Why class exercises can feel easier
Class exercises usually sit close to the topic being taught. A worksheet on quadratic graphs, for example, may use the same method again and again. Students can follow the pattern and feel confident.
IGCSE questions are less predictable. They often ask students to decide which method is useful before any calculation begins.
How IGCSE questions combine topics
An IGCSE Math question may combine algebra, graph reading, geometry, units, and written reasoning in one task. A student who understands each topic separately may still struggle when the exam blends them together.
This is why IGCSE Math tutor support should not only repeat chapters. It should help students connect topics and explain their working clearly.
Hidden gaps in algebra, graphs and reasoning
The most common hidden gaps are not dramatic. They are small habits: weak rearranging, unclear graph interpretation, skipping steps, or choosing a formula without checking what the question is asking.
These gaps usually appear under pressure, especially in multi-step questions and past-paper practice.
Why more practice is not always enough
Practice helps when the student knows what to fix. But if a student keeps doing papers without reviewing the underlying gap, the same mistake can repeat for weeks.

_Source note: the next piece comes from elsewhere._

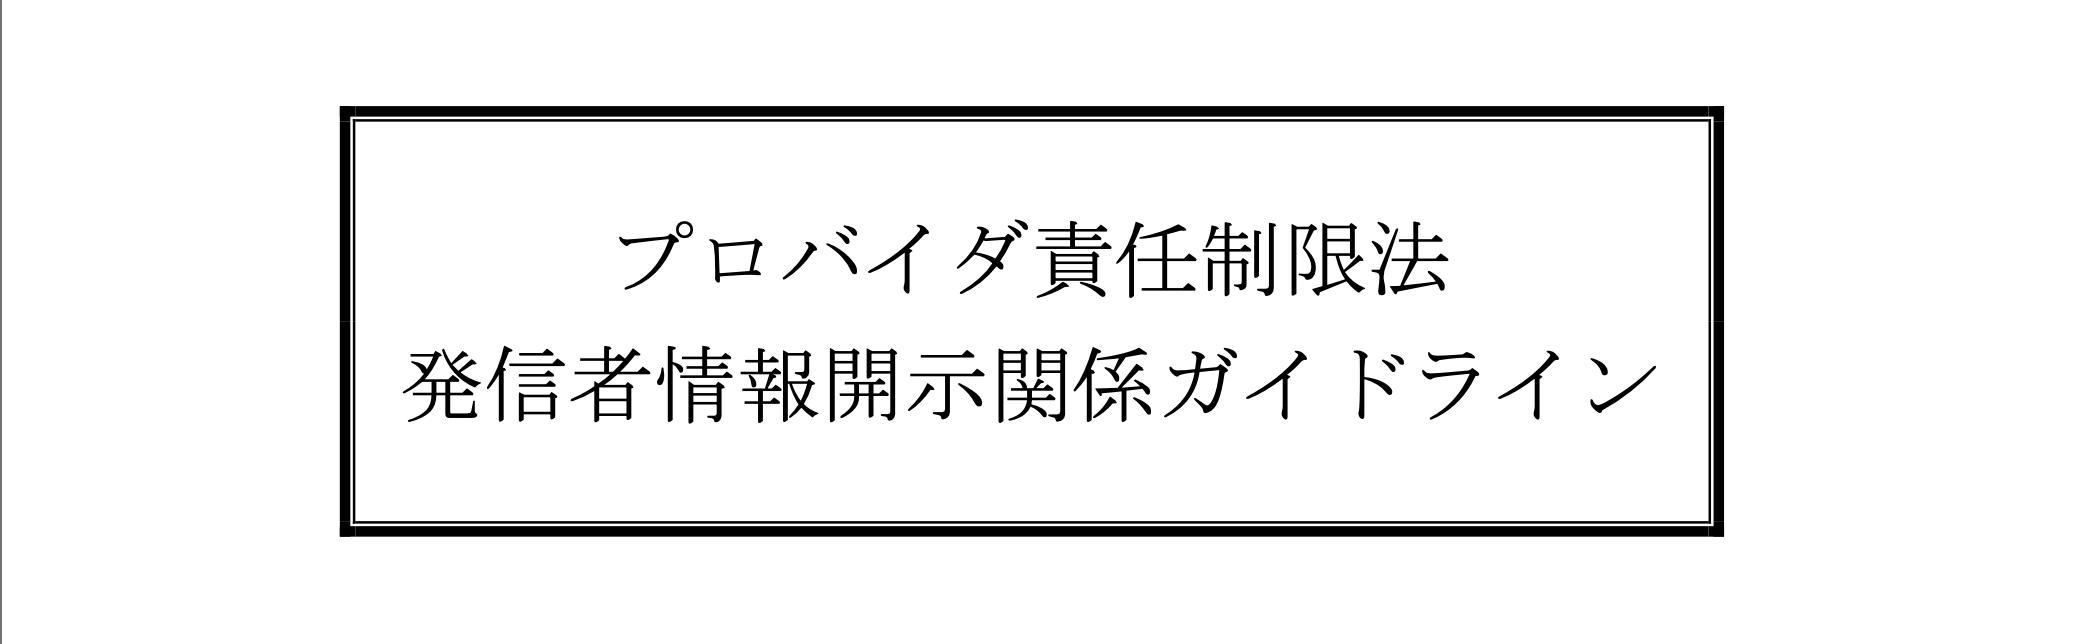 田岡プロバイダ責任法1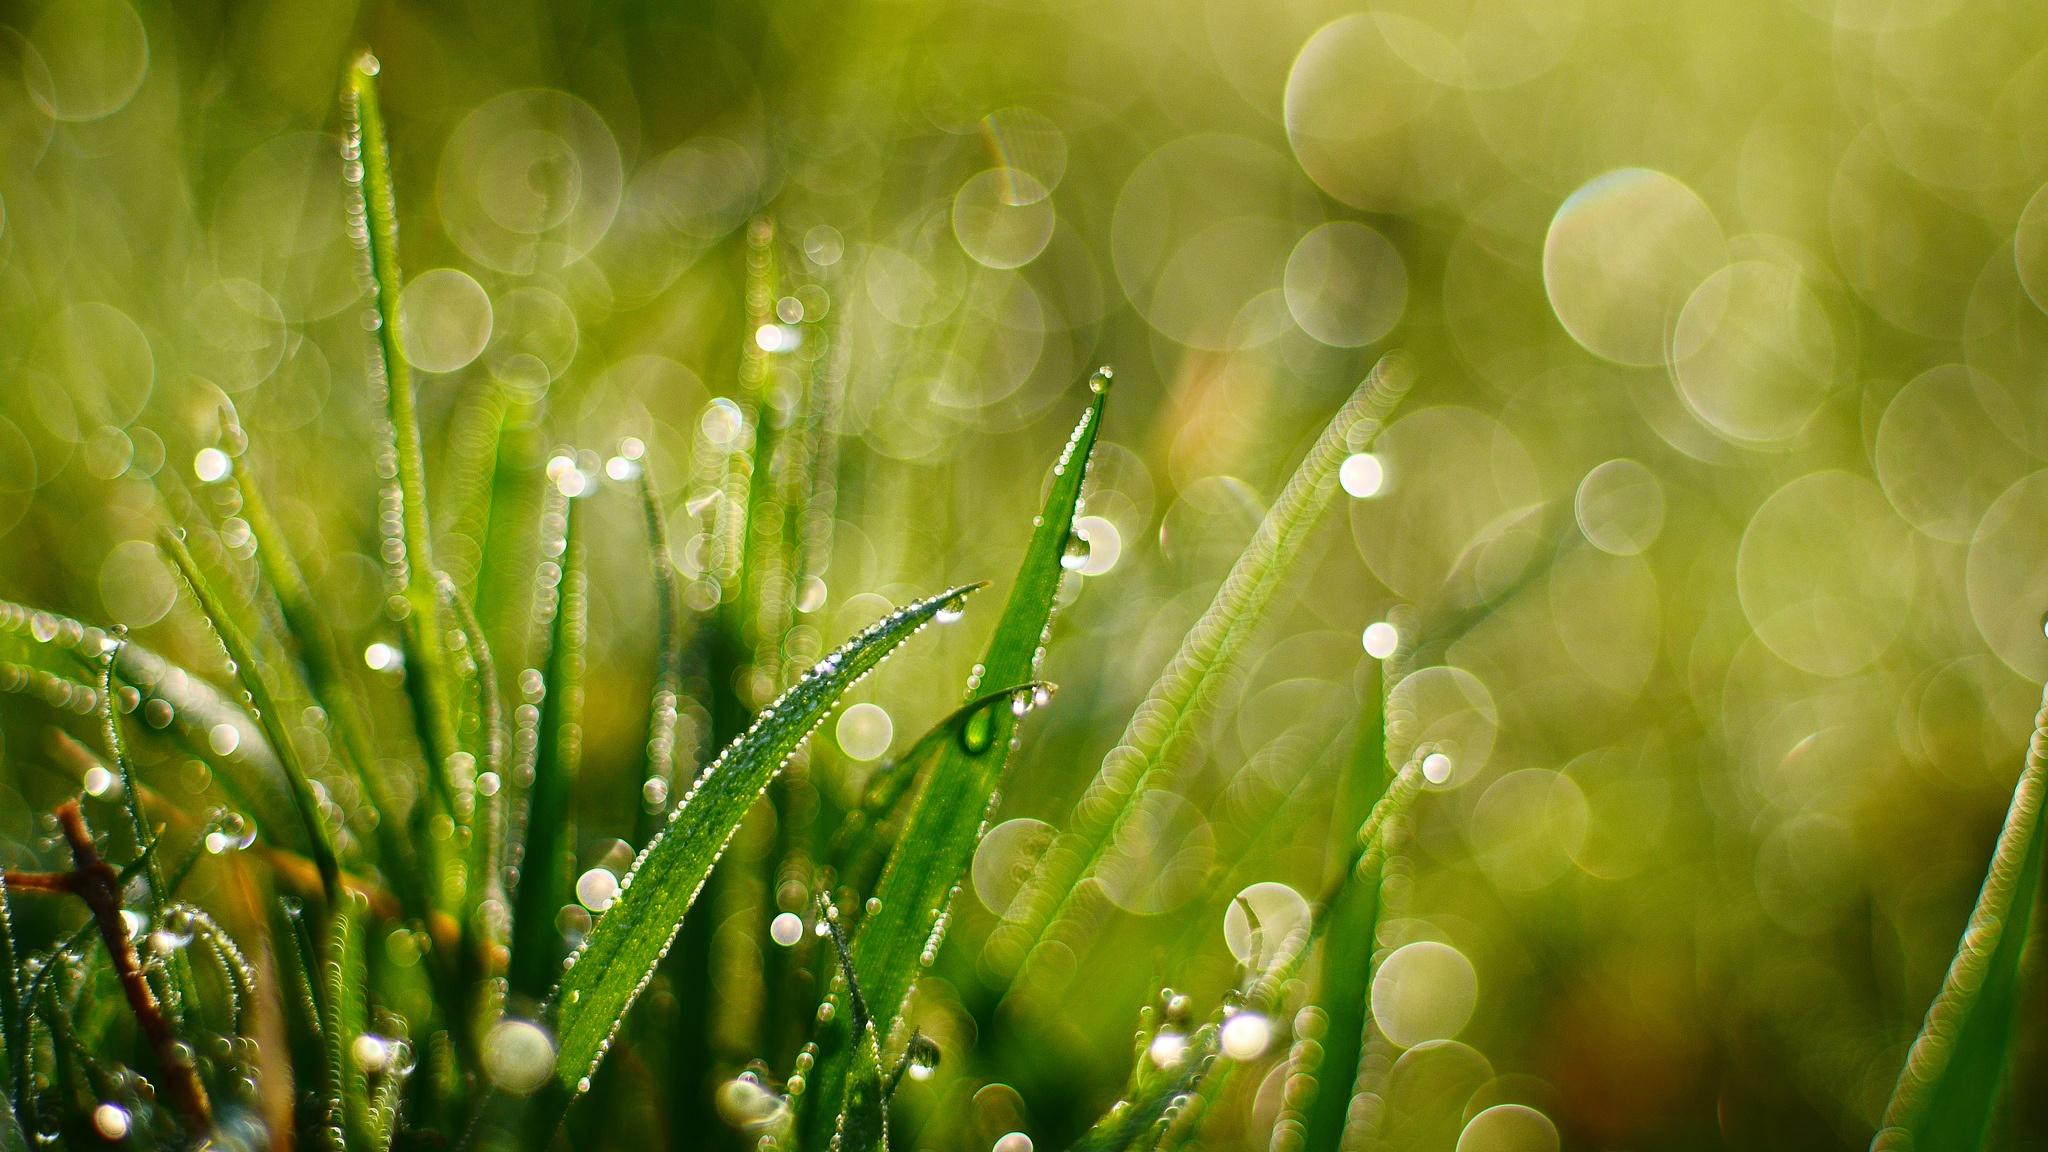 Bokeh Grass Macro Water Drop 2048x1152

A short diagnostic session can separate careless errors from concept gaps, algebra gaps, and exam-technique issues.
When to book an IGCSE Math diagnostic test
Consider a diagnostic test if your child does well in class but loses marks on unfamiliar past-paper questions, avoids multi-step questions, or cannot explain why an answer is wrong.
The goal is not to label the student. The goal is to map the weak points and choose the next study priority calmly.